Monday, April 9, 2007

The Survival Mantra for Indian IT/ITES industry in the Flat World is Global Delivery and not delivering from India ??

There might be many definitions of the Flat World, the one that I connect to most is “a flat world is a place, where goods and services are produced in location(s) where its cheapest and most efficient to produce and sold in locations which are most profitable…”. This definition would be the one that the Indian IT/ITES industry would be happiest about…after all we continue to be a low cost producer of IT and BPO services .

However there is a twist to the definition, ….as an Indian you might want to believe that offshoring to India will continue unabated because of the labor arbitrage.......unless we pay heed to the latest trends in the BPO sector . The research done by Sujay Chohan and Robert H Brown of Gartner opines that the distinction between onshore (services delivered in the country where the contract is signed) and offshore (services delivered from a country other than the country where the contract was signed) is increasingly becoming irrelevant as “offshore providers” move outside their home countries and set up global delivery centers and as “onshore providers” set up centers in low-wage countries. This trend is also driven by the need to outsource increasingly complex processes that are end to end, encompass several countries and touch the client's various locations. This would mean that the relevance of India as the best offshore location automatically comes down and the shift from offshoring to India to global delivery is distinct and is borne out by data. Indian service providers like Wipro , WNS, Infosys BPO(formerly Progeon) , HCL , TCS, Genepact, Hinduja -TMT and Transworks have acquired or set up delivery centers in several countries to serve their clients onshore and offshore . The Aditya Birla Group's take over of Minacs and consolidating its ITES business as a combination of Transworks-Minacs gives it an automatic global delivery footprint (Minacs had many non-US delivery locations)

According to Gartner by 2008, most successful BPO service producers will have service delivery centers (not just sales offices) in at least 3 countries

a)An onshore location (typically where the contract is signed)
b)An offshore location (country where the company is headquartered)
c)An additional delivery location independent of these two categories

Now that I have put the offshore versus Global delivery in some perspective, I would like to draw your attention to the parallels in the IT services space. Infosys takes pride in its Global Delivery Model (GDM) , which was for many years delivery out it's various Development centers in India , till it set up some small PDC’s (or Proximity Development Centers) in UK , New Jersey and Canada. This was pretty much the trend till 2004 (delivery primarily out of India , with a few PDC’s onshore ) ,but with the setting up of Infosys China which has a significant workforce is also a strong step in the direction of the “true GDM” . What is happening in the BPO space is also being replicated in the IT Services sector albeit a bit slow. Therefore it would be safe to say that the flat world is not a place where an Indian service provider can survive by delivering from offshore …it is time to go global ….. . The process of going global requires developing new mindsets and new skills …the automatic question is what are these? ….I did not have answers till I chanced upon a speech at IIM-B given by the leader whom I admire most ,Nandan Nilekani . In his speech at IIM-B,Nandan talks about the a new hybrid manager – the ‘Versatilist’.
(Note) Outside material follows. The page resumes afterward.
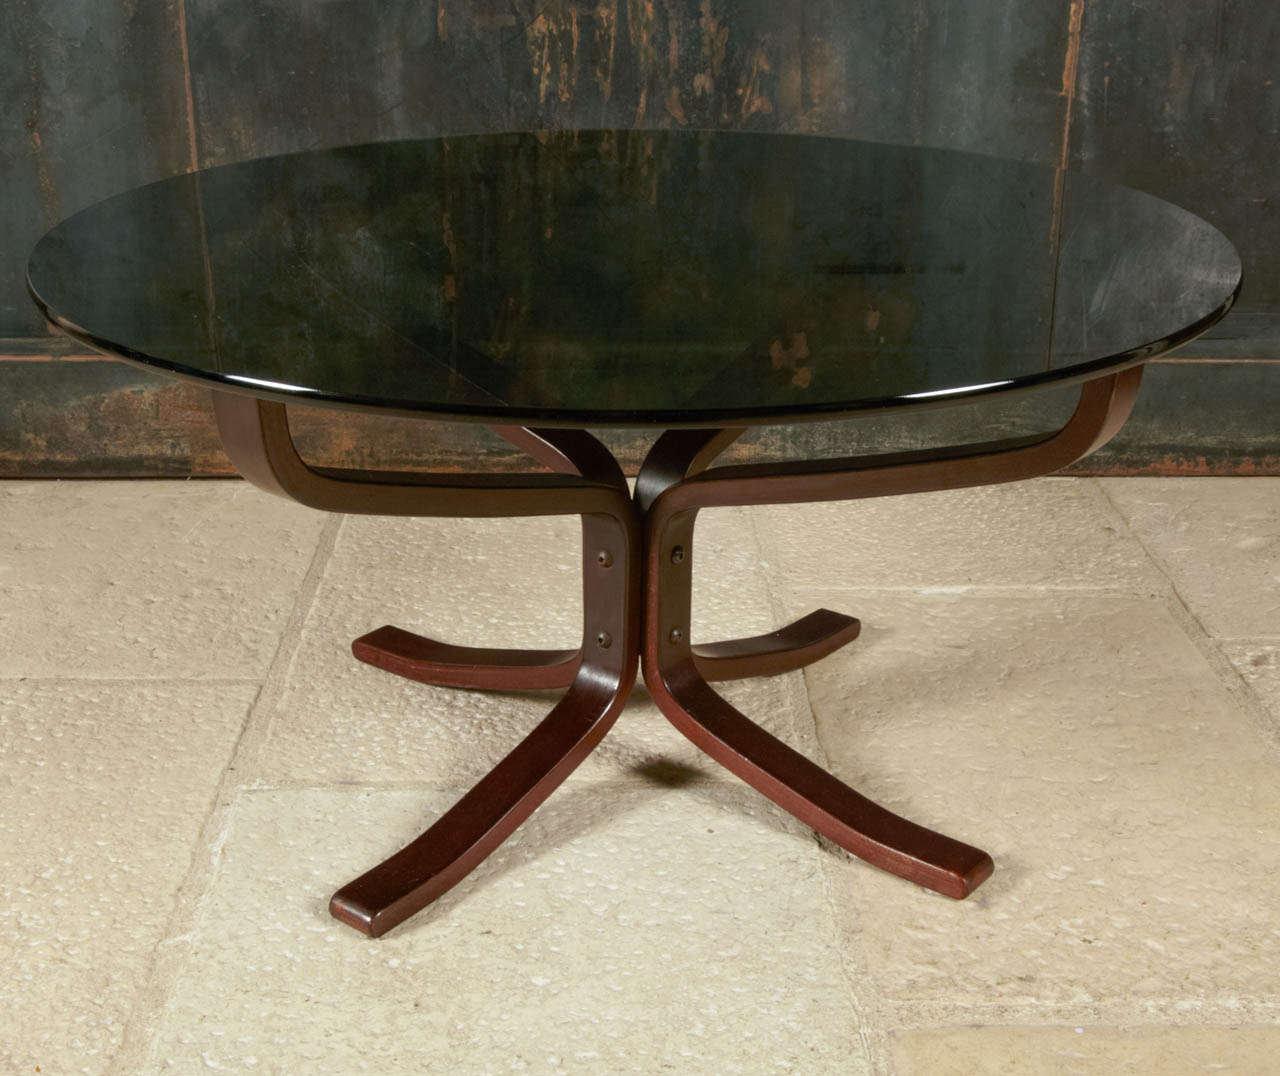 Circa 1970 round coffre table by Sigurd Ressel. Wood legs and 0.47

I am not saying that this post is a wake up call for the Indian IT/ITES industry but I would like to leave my reader with a thought that global delivery is indeed a reality and it is imperative to look at it with a heightened sense of urgency and not be satisfied by servicing customers from Indian locations alone......

2 comments:

DreamCatcher said...

A global delivery model is the way ahead and for that we need the 'versatilists' which we will eventually produce.…it will be interesting to see how the Tatas manage their new global status….
Also, lets not ignore the high potential domestic market….lower margins will be taken care by high volumes (simplification of legalities and a little change in mindset will help in this regard). As it is, with technology, we are realizing the benefits of transaction based pricing over FTE based ones.